5:2 The day of the Lord is the future time of judgment and blessing after the rapture through the conclusion of the millennial kingdom (see Isa 13:9-11; Joel 2:28-32; Zeph 1:14-18; 3:14-15). Paul says Jesus will return like a thief in the night (5:2). A thief does not send a note in advance. He doesn’t say, “Tomorrow night, around 11:00 pm, I plan to break your back door with a sledgehammer and take your television.” So, if you are not prepared for a thief to arrive at any hour, you are not prepared at all.

5:3 The other analogy Paul uses here is labor pains (5:3). Doctors can tell mothers when they think a particular baby will arrive, but mothers know that the baby will ultimately choose the time of his arrival. And when baby decides to come, Mom isn’t going anywhere. In one moment, everything changes for her. The day of the Lord is that time after the rapture when God directly intervenes in world affairs for judgment during the tribulation and for blessings in Messiah’s millennial reign.

5:4-5 Jesus’s return will be a surprise for nonbelievers, but it should not be a surprise for Christians. You are not in the dark, for this day to surprise you (5:4). If you are a Christian, you should not be staggering through life like everyone else. You do not belong to the night because you are all children of light and children of the day (5:5). Therefore, you ought to be living with grateful assurance, knowing you are headed to glory and not to the wrath of the tribulation (5:9). Your knowledge of the future should grant you confidence in the present.

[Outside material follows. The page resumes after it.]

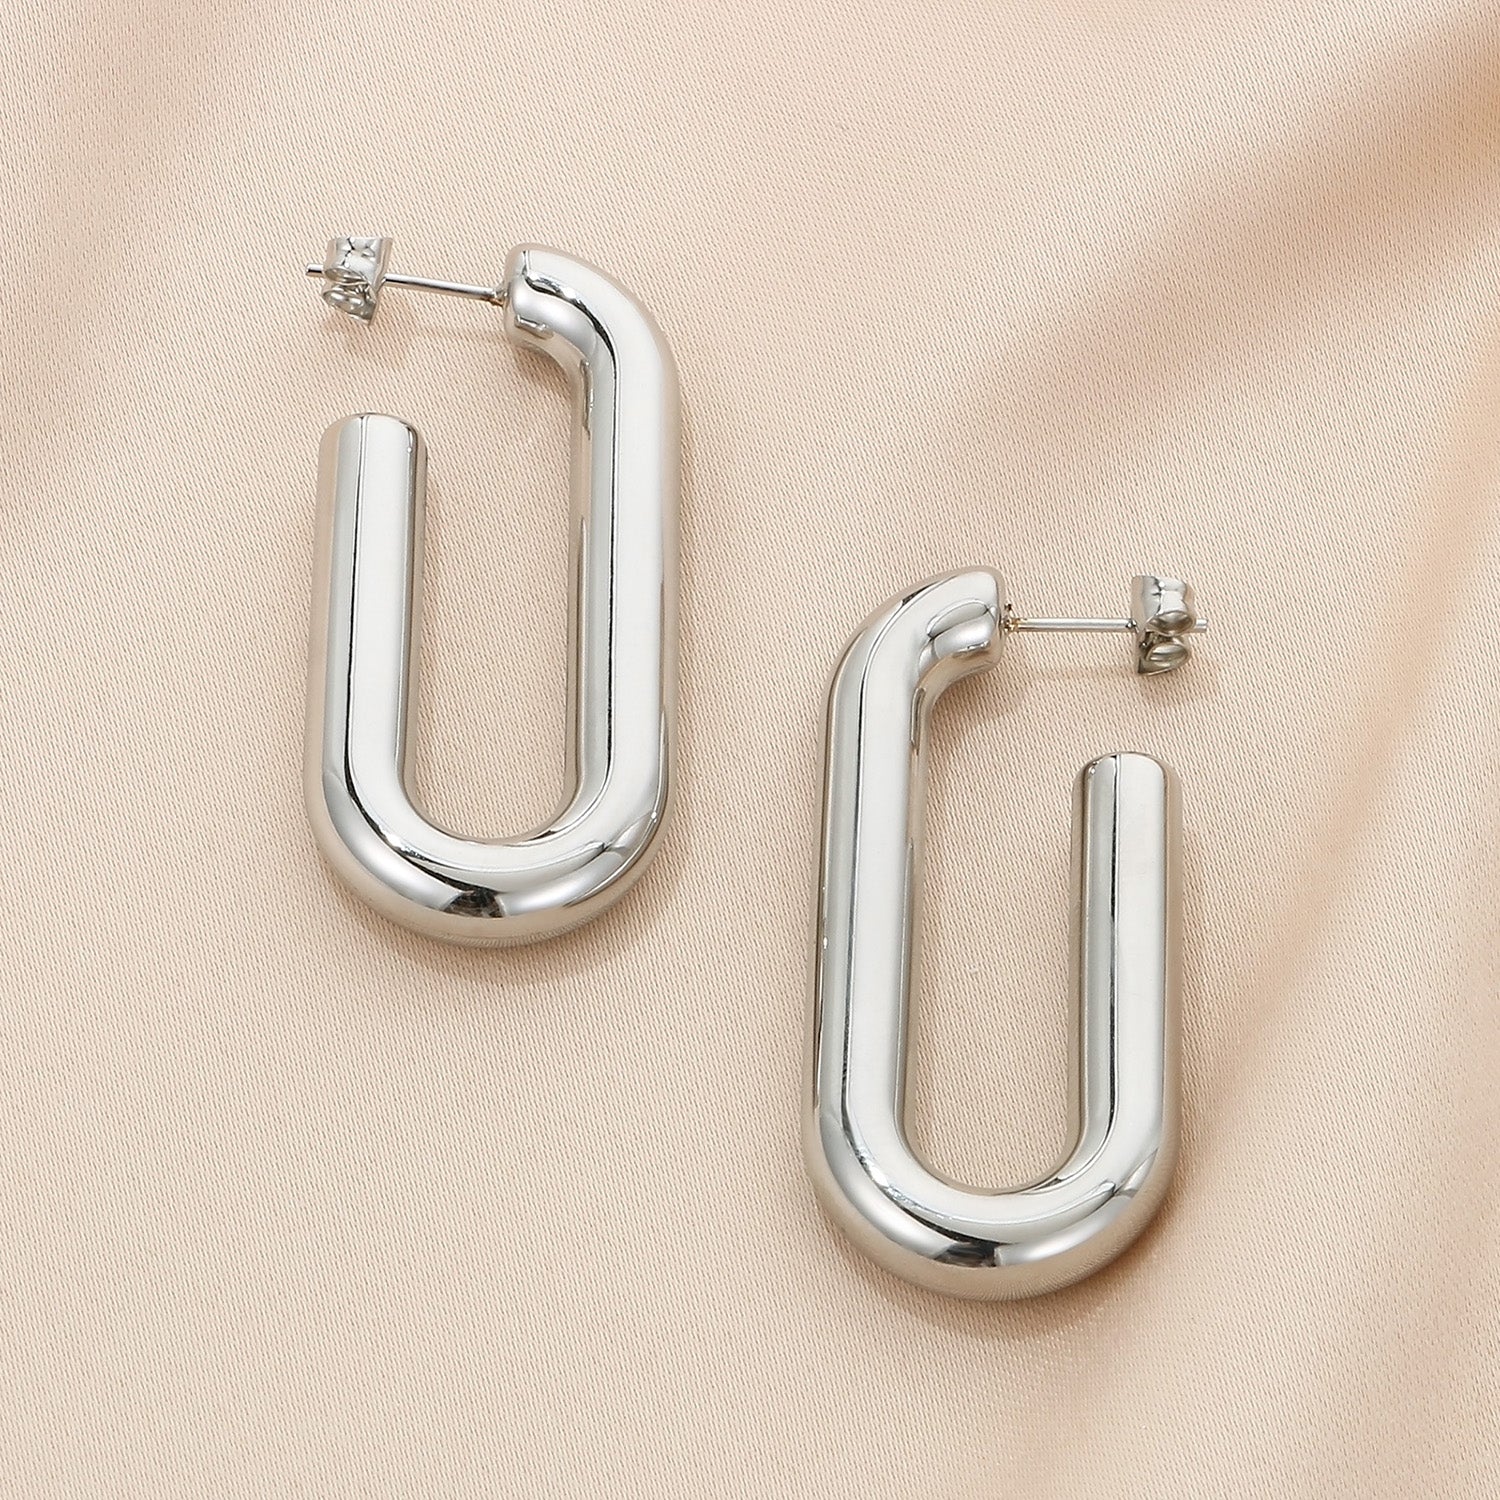 Stainless Steel Hinged Hoop Earrings - Body By J'ne

5:6-10 We must stay awake and be self-controlled (5:6), rather than sleep and get drunk (5:7)—which is a reference to spiritual soberness and spiritual drunkenness. To do this, we need three things: faith, hope, and love. We must put these on: the armor of faith and love and the helmet of the hope of salvation (5:8). Without these, we have no protection in this world. With them, however, we can be confident in our deliverance since God has not destined us for wrath (5:9).

5:11 Here is that command again: encourage one another. And this time Paul adds, build each other up. These theological truths are not for personal education alone but for our corporate edification. We stand or we fall—together.